On quitte Olgii au matin apres un petit-dejeuner kazakh (the au lait chaud, pain plat, fromage fume), on s’installe a trois dans un 4x4 russe, et on commence a remonter une vallee qui rejoindra les glaciers de l’Altai en quelques heures de piste. Les premiers kilometres traversent des prairies vertes ou paissent des troupeaux de yaks. Puis le paysage change : les arbres disparaissent, la steppe devient plus aride, les montagnes se rapprochent, on aperçoit les premiers blocs rocheux coiffes de neiges eternelles. Plus loin encore, la vallee se reduit a une gorge avec une riviere tumultueuse, les parois rocheuses plongent vers nous, et on commence a rouler en zigzag sur une piste qui n’est plus sure. Le conducteur lache un juron amical, le guide rit, et on se dit qu’on est entre dans une autre Mongolie, completement differente de celle qu’on connait depuis Oulan-Bator.

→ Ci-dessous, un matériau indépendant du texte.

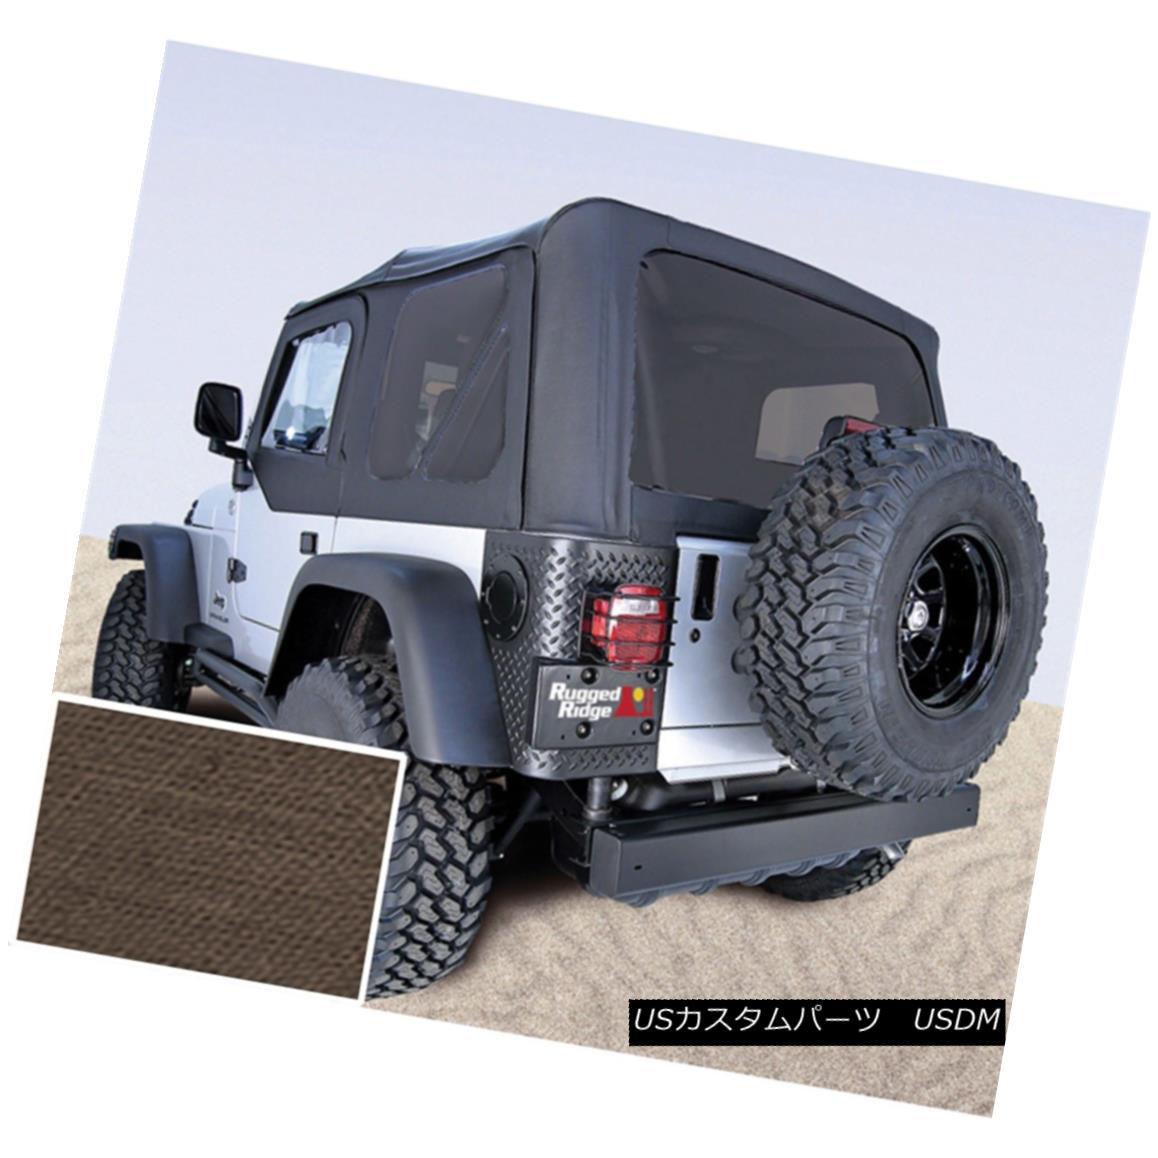 幌・ソフトトップ Rugged Ridge 13730.36 Replacement Soft Top Fits 03-06 Wrangler (TJ) 頑丈なリッジ13730.36交換ソフトトップフィット03-06ラングラー(TJ)

L’Altai mongol est ce coin du pays dont on parle peu dans les guides generalistes, et qui merite pourtant un article a part. Tout y est un peu decale : la population n’est pas mongole mais kazakhe, la religion n’est pas bouddhiste mais musulmane sunnite, la langue parlee n’est pas le mongol mais le kazakh turcophone, le paysage n’est pas steppique mais alpin, et une tradition unique au monde — la chasse a l’aigle royal dressee — y survit encore aujourd’hui. Cet article presente les grandes lignes de ce territoire et ce qu’un voyageur peut y vivre.
Une Mongolie differente : la province de Bayan-Olgii
L’Altai mongol proprement dit est dans sa majorite situe dans la province de Bayan-Olgii (Olgii, qui signifie berceau en kazakh), la plus occidentale des 21 provinces du pays. Elle couvre environ 46 000 kilometres carres (la taille de la Suisse) et compte environ 100 000 habitants, dont la grande majorite vit dans une dizaine de petits villages disperses le long des vallees. La densite demographique est environ 2 habitants au kilometre carre, mais avec de grandes zones completement inhabitees.
La population de Bayan-Olgii est particuliere dans le contexte mongol : environ 88 a 90 pour cent sont des Kazakhs, un peuple turcophone musulman sunnite qui partage ses origines et sa culture avec les Kazakhs du Kazakhstan voisin (au-dela de la frontiere, a quelques dizaines de kilometres seulement). Les Mongols orthodoxes bouddhistes representent moins de 10 pour cent de la population de la province, et certains villages sont presque exclusivement kazakhs.
Cette composition ethnique change completement l’experience d’un voyageur qui arrive de l’Altai apres avoir visite d’autres regions de Mongolie. Les mosquees se substituent aux monasteres bouddhistes, le kazakh remplace le mongol dans les conversations quotidiennes, les costumes traditionnels (longue robe brodee zhelek pour les femmes, veste en fourrure shapan pour les hommes) sont differents, la cuisine integre plus de plats turcs centro-asiatiques et moins de plats mongols classiques. On est dans une autre Mongolie.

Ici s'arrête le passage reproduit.